Data excerpt.
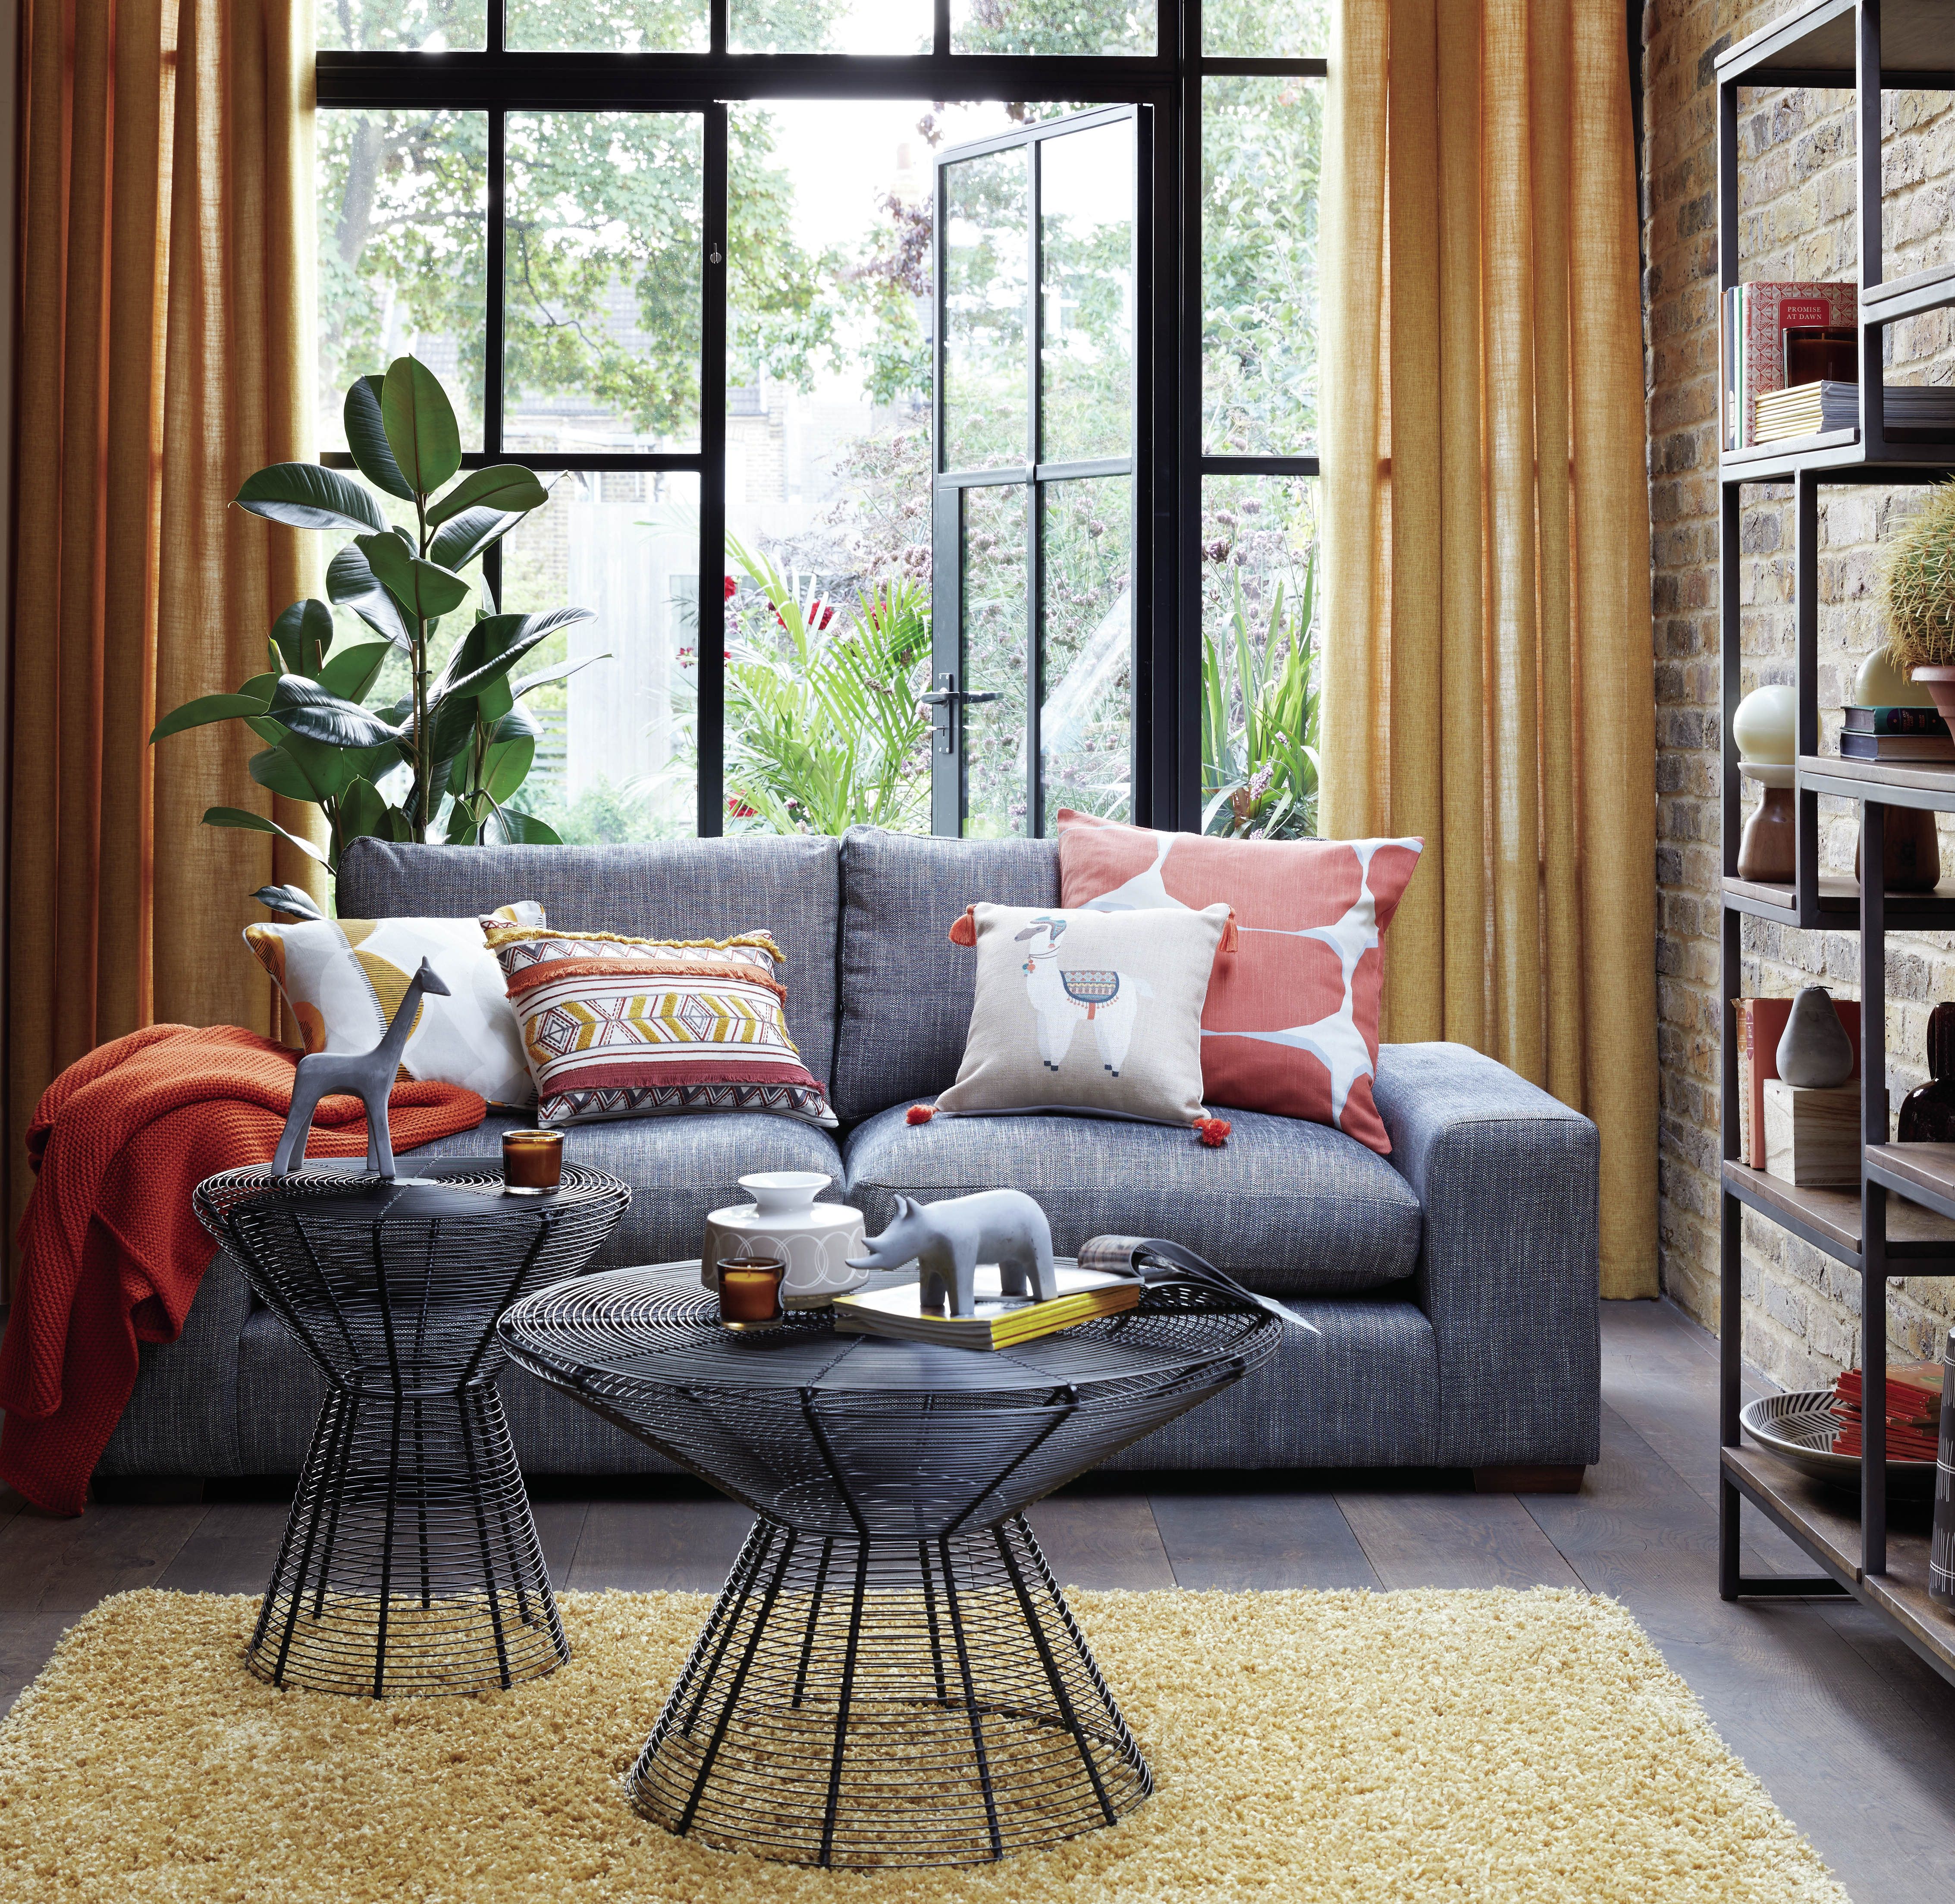 5 Design Tricks For Small Living Rooms Layout Ideas
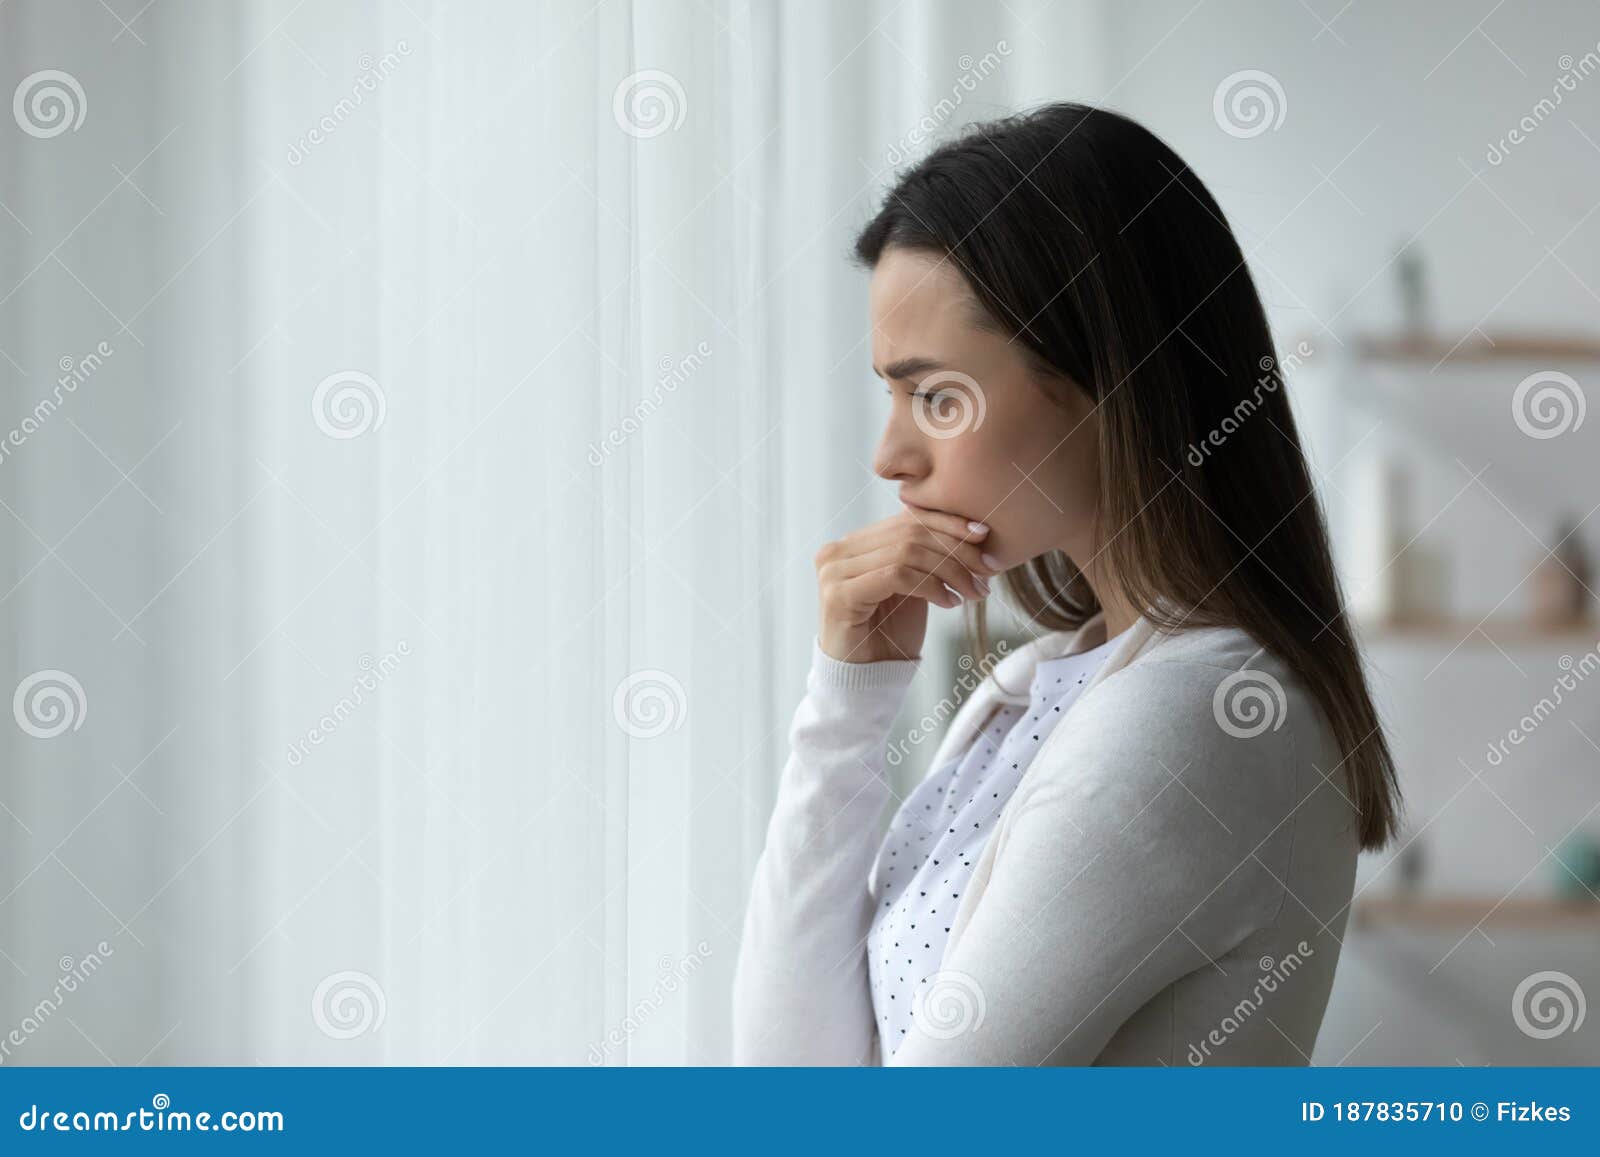 pensive sad woman standing thinking over problems search solution
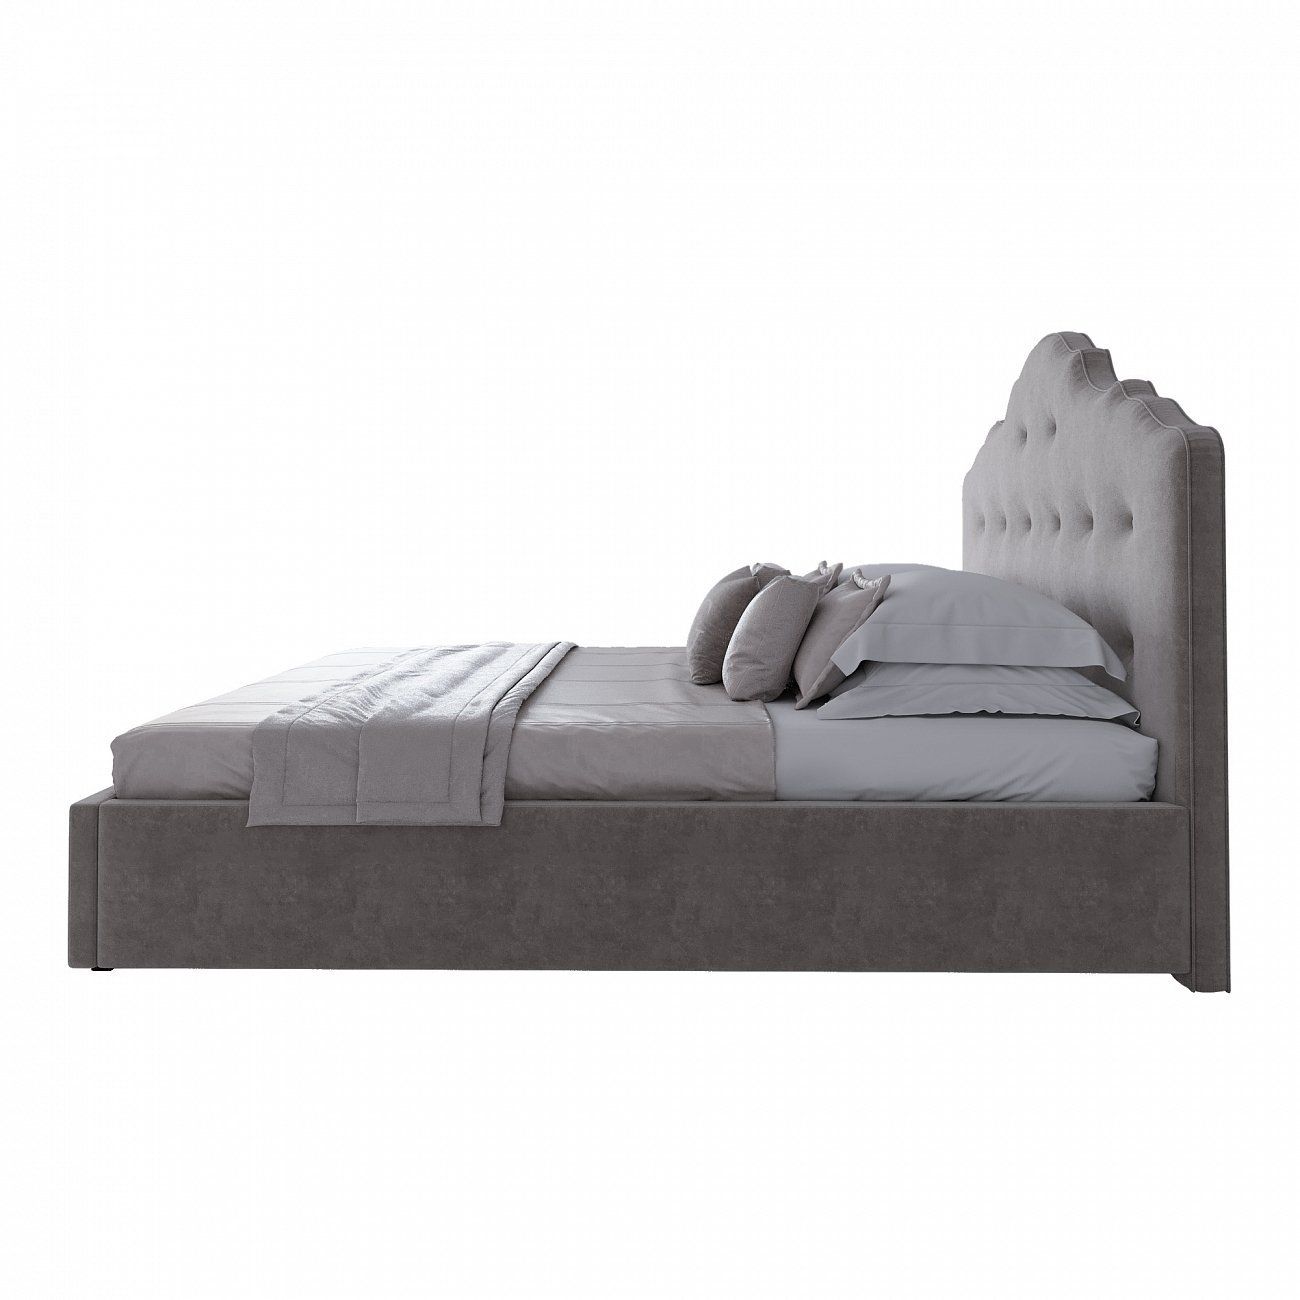 The bed is large 200x200 Palace grey

Assignment. Everything in the listing except the pictures must be reproduced exactly.

Result below.
 5 Design Tricks For Small Living Rooms Layout Ideas
 pensive sad woman standing thinking over problems search solution
 The bed is large 200x200 Palace grey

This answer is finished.